* [Given data]
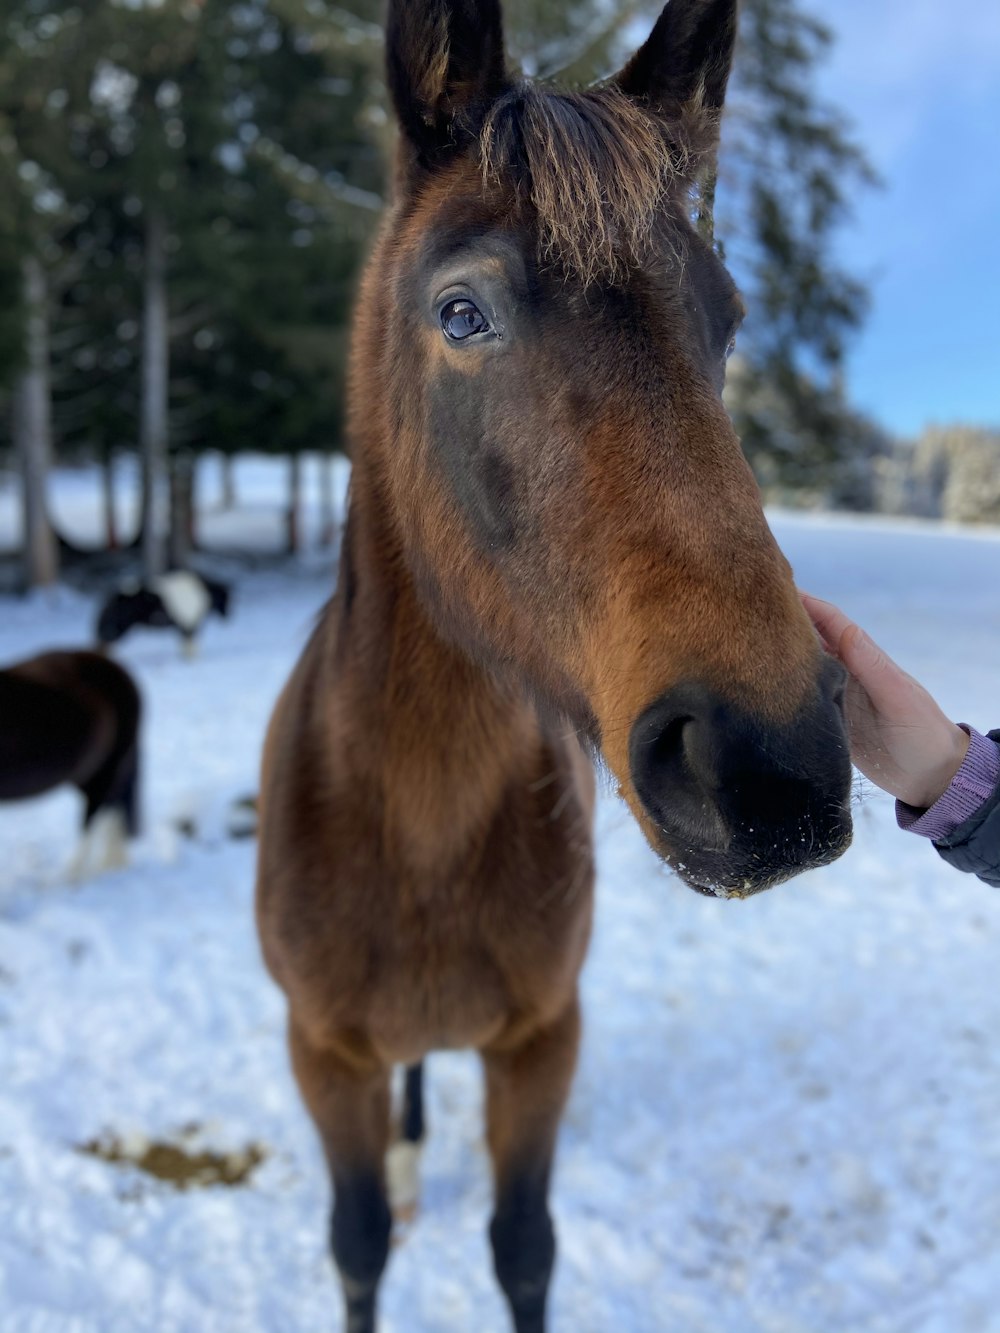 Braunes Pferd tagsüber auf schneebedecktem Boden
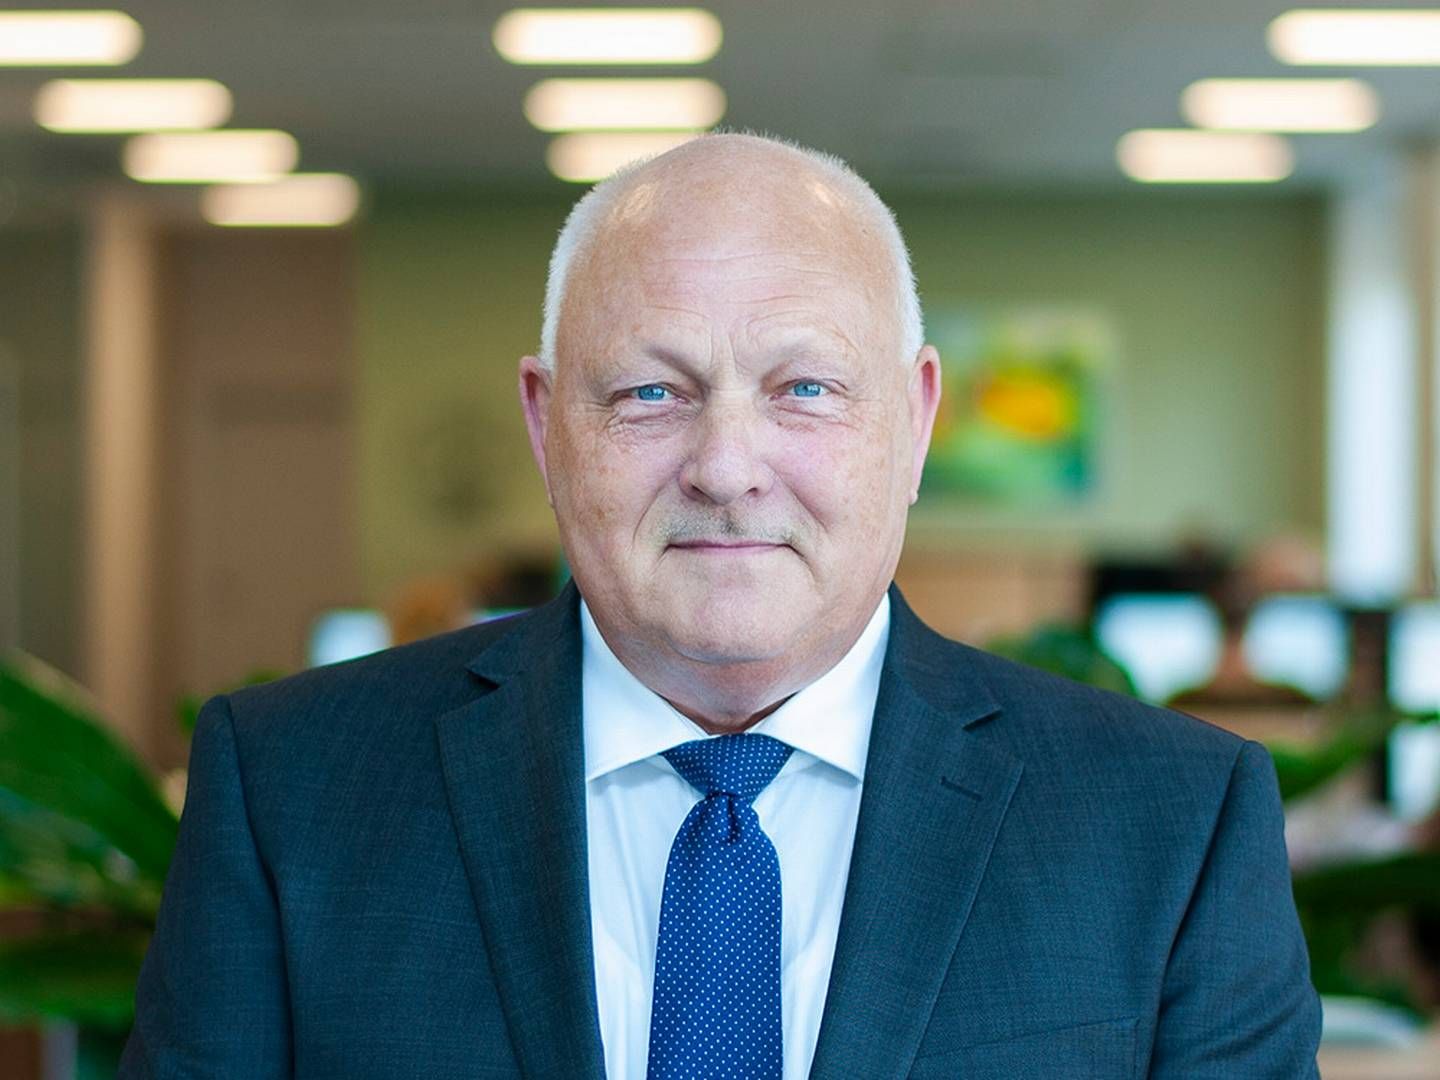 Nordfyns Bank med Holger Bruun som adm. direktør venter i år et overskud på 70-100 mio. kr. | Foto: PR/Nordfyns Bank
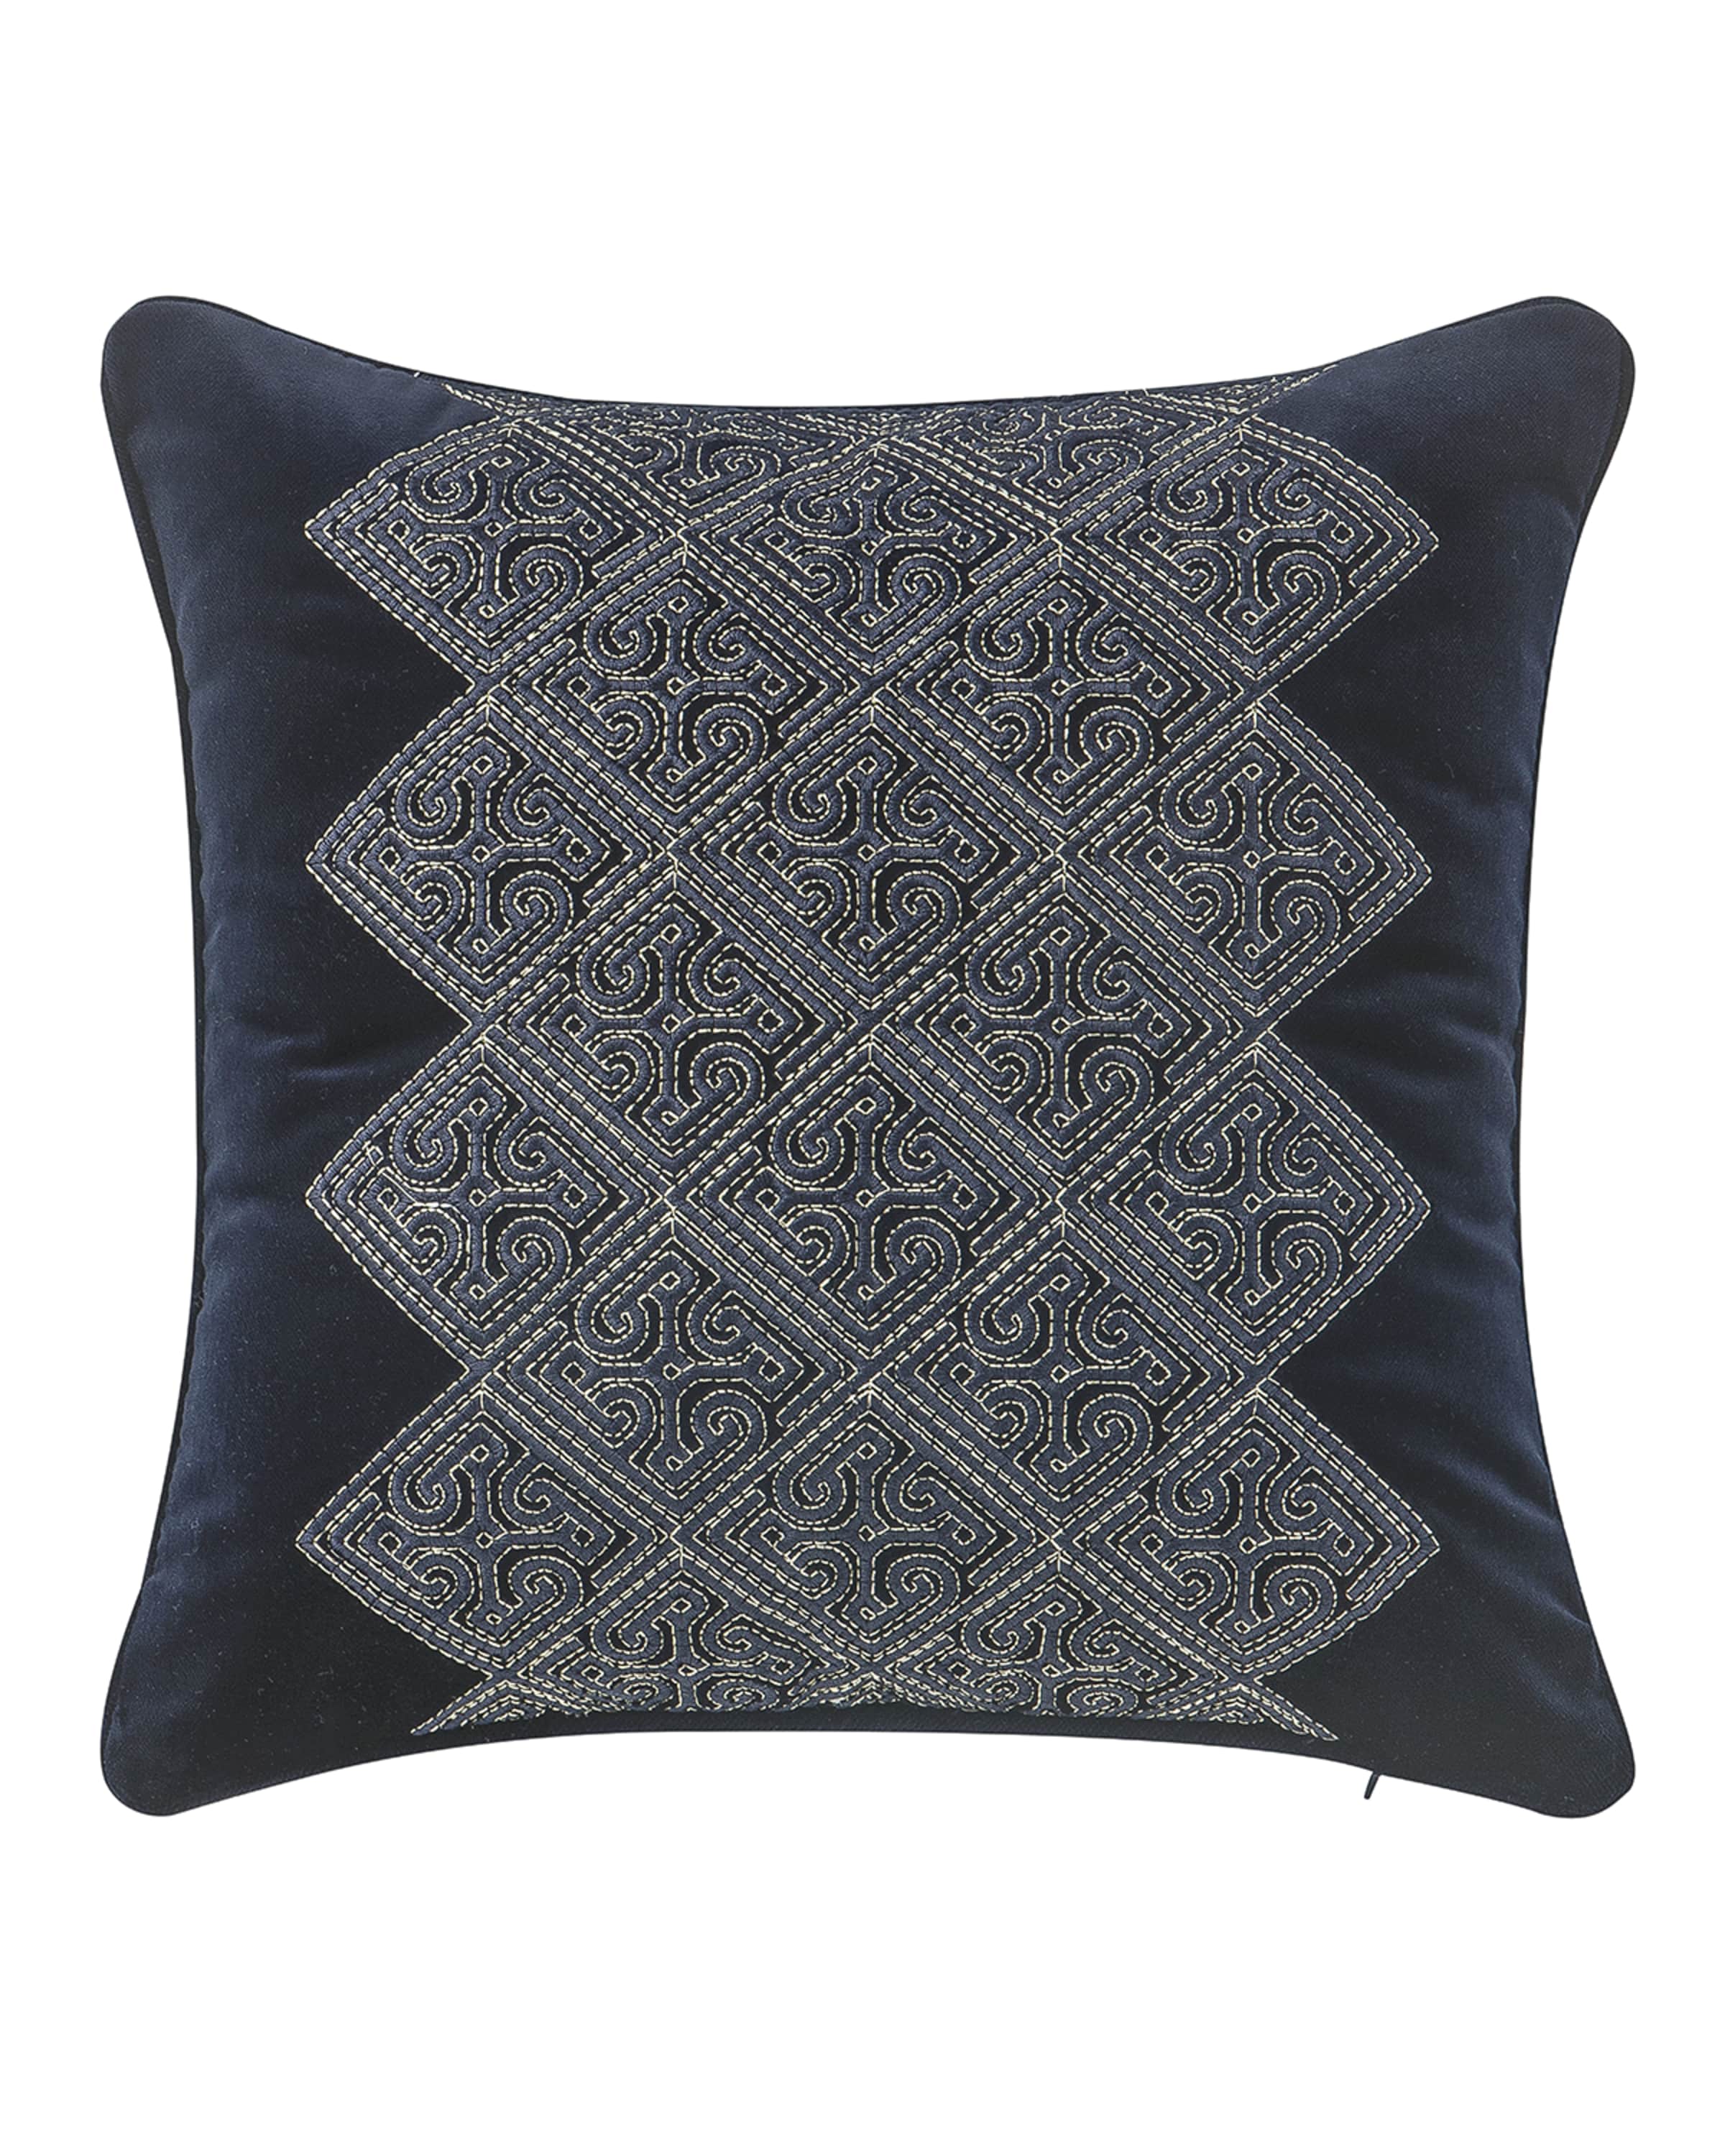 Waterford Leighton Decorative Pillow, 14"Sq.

* [Exercise instructions] Give the data back exactly, omitting all pictures.

* [Expected answer]
 Braunes Pferd tagsüber auf schneebedecktem Boden
 Nordfyns Bank med Holger Bruun som adm. direktør venter i år et overskud på 70-100 mio. kr. | Foto: PR/Nordfyns Bank
 Waterford Leighton Decorative Pillow, 14"Sq.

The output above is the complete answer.